The second argument the Obama brief makes in the Prop 8 case is neither conservative nor liberal. It assumes that if you oppose marriage equality in a democracy, you have to do so for a substantive reason, because the minority involved has been the object of such discrimination in the past. For the first time, the American government acknowledged that centuries of criminalization, stigma, cruelty and forced invisibility, and declared that “the undisputed twentieth-century discrimination has lasted long enough.”Hence the embrace of the judicial notion of “heightened scrutiny” when assessing laws that single out this minority for further discrimination by their own government.

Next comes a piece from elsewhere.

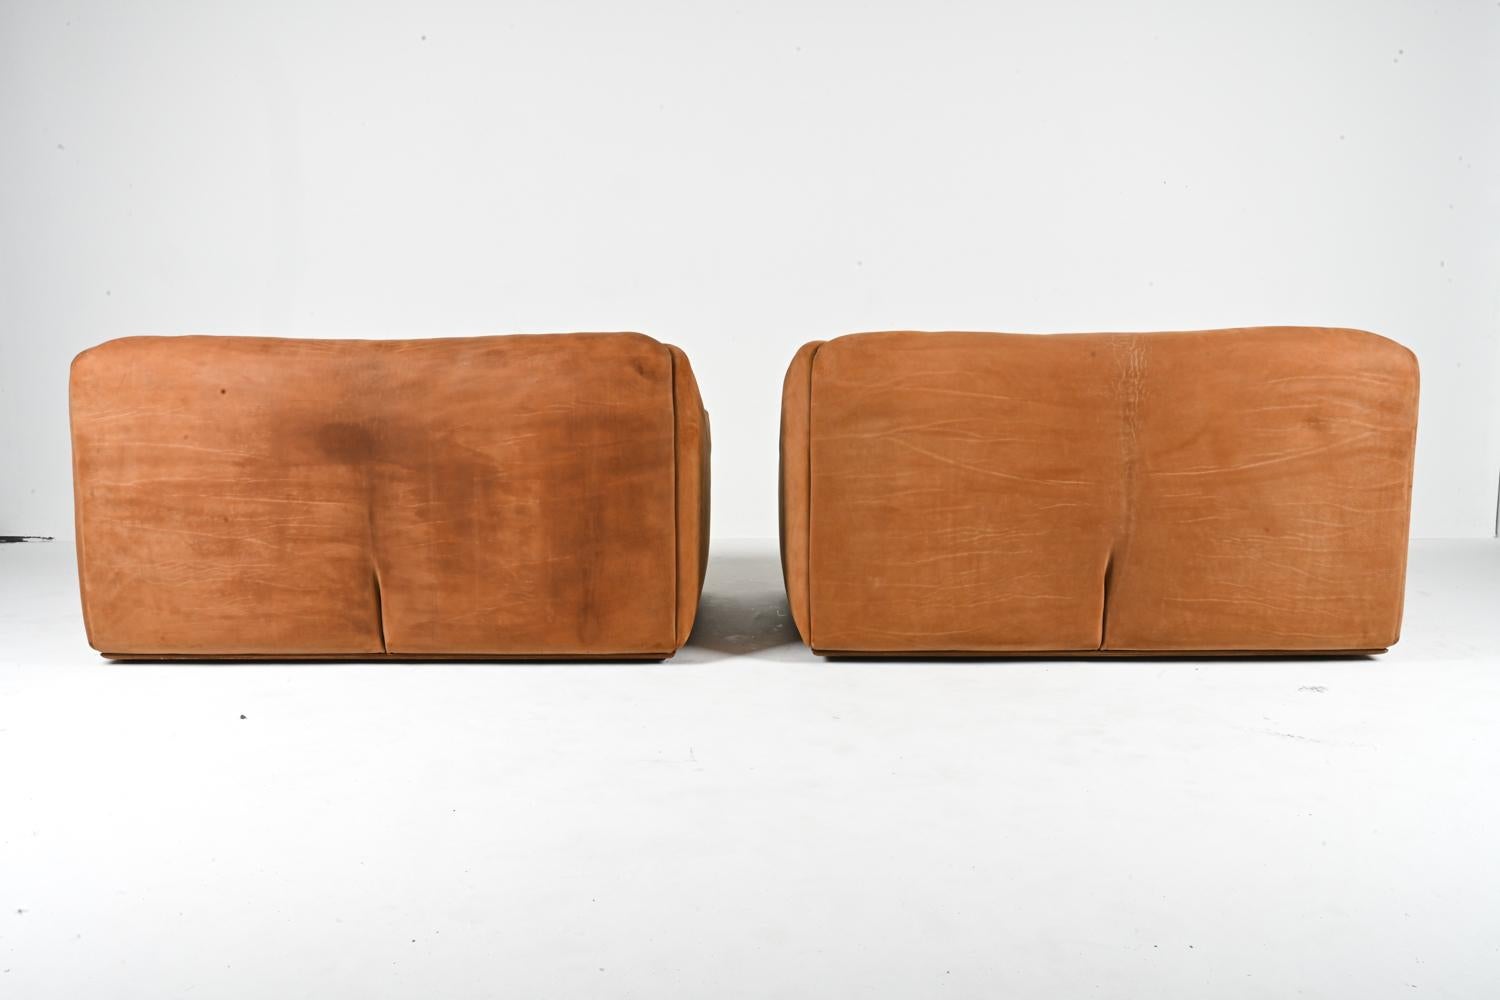 Pair of De Sede DS-47 Two-Seat Sofas in Nubuck Leather, c. 1970's For Sale 10
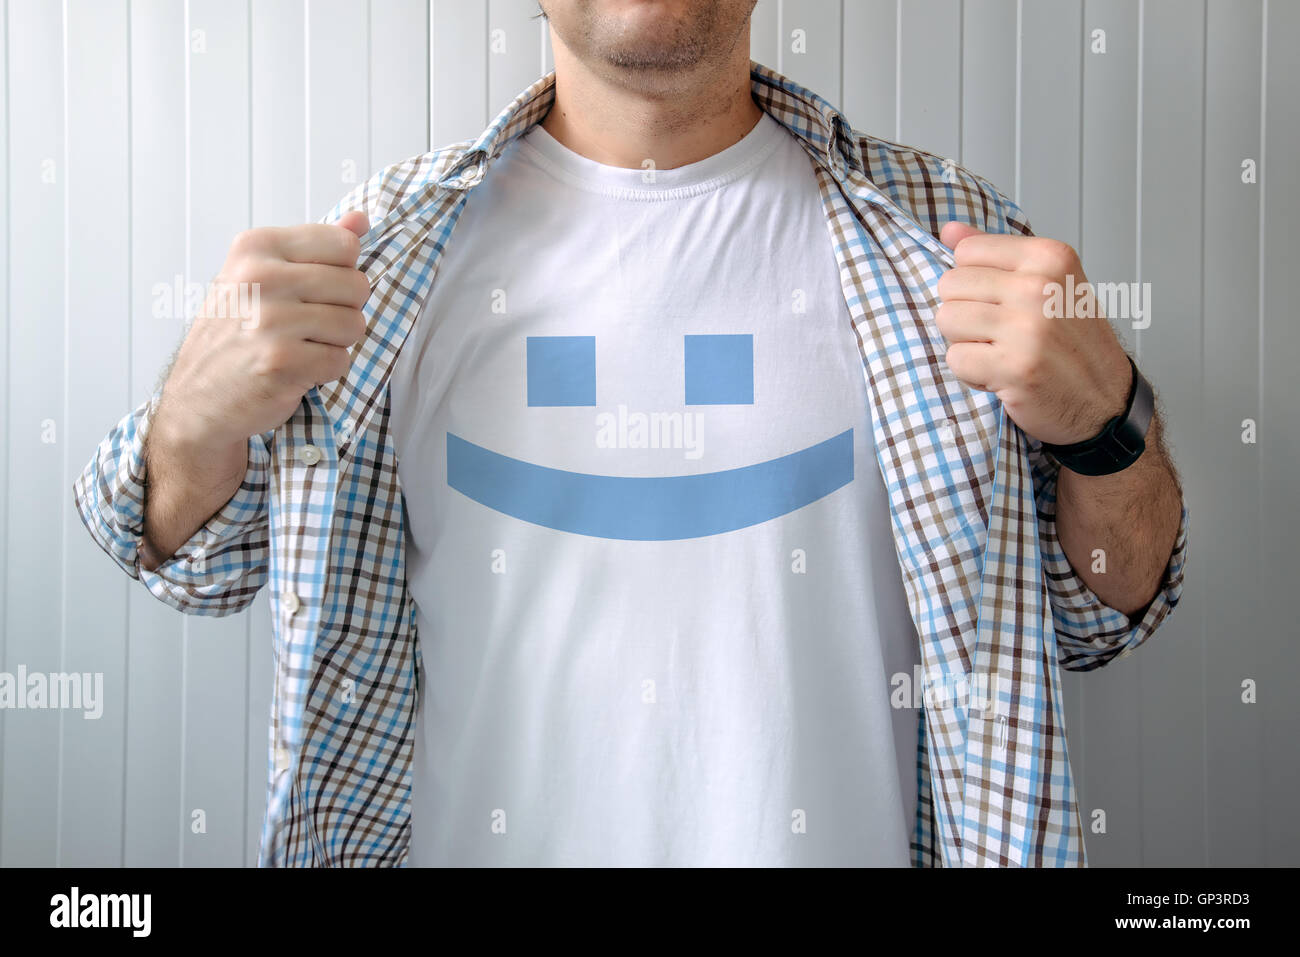 Man stretching shirt to reveal smiley emoticon printed on chest Stock Photo

If the reason is that the rights and responsibilities of marriage are inherently heterosexual, because of procreation, you have a very weak case, given what civil marriage now is for straights, and after the ubiquity of contraception, but you have a case. But if you have conceded the substance of the argument and granted gay couples all the rights and responsibilities of civil marriage – but denied them the symbolism of the the name – you are creating a separate but equal form of legal segregation that does nothing and can do nothing but express animus toward a minority or the need to segregate them from a common, binding institution. That simple segregation – without an argument – violates core civil equality. And there are eight states – California, Delaware, Hawaii, Illinois, Nevada, New Jersey, Oregon, and Rhode Island – that have laws that can only be understood as expressing the civil inferiority of gay couples. That must, in my view, end. And it can end without a resort to a sweeping federal decision across all 50 states.
What must also end is the federal government’s unconstitutional decision to distinguish between the marriage licenses in any given state where it is the law on the basis of gender. My marriage license in Massachusetts, New York and DC is indistinguishable in every respect from my heterosexual peers. The federal government has no business getting involved and creating a distinction. In fact, it has no way of actually telling from the licenses themselves which are gay and which are straight. It must infer that merely from our first names. When the feds are poring over a state’s marriage license to analyze the first names of the couple, it is way over the line. On almost any other issue, federalist conservatives would agree with that.
Which is why Obama is both advancing a liberal goal of equality with a small-c conservative concern for gradual change based on moral, empirical and spiritual evolution. He leads, like every Tory should, from behind the people he represents.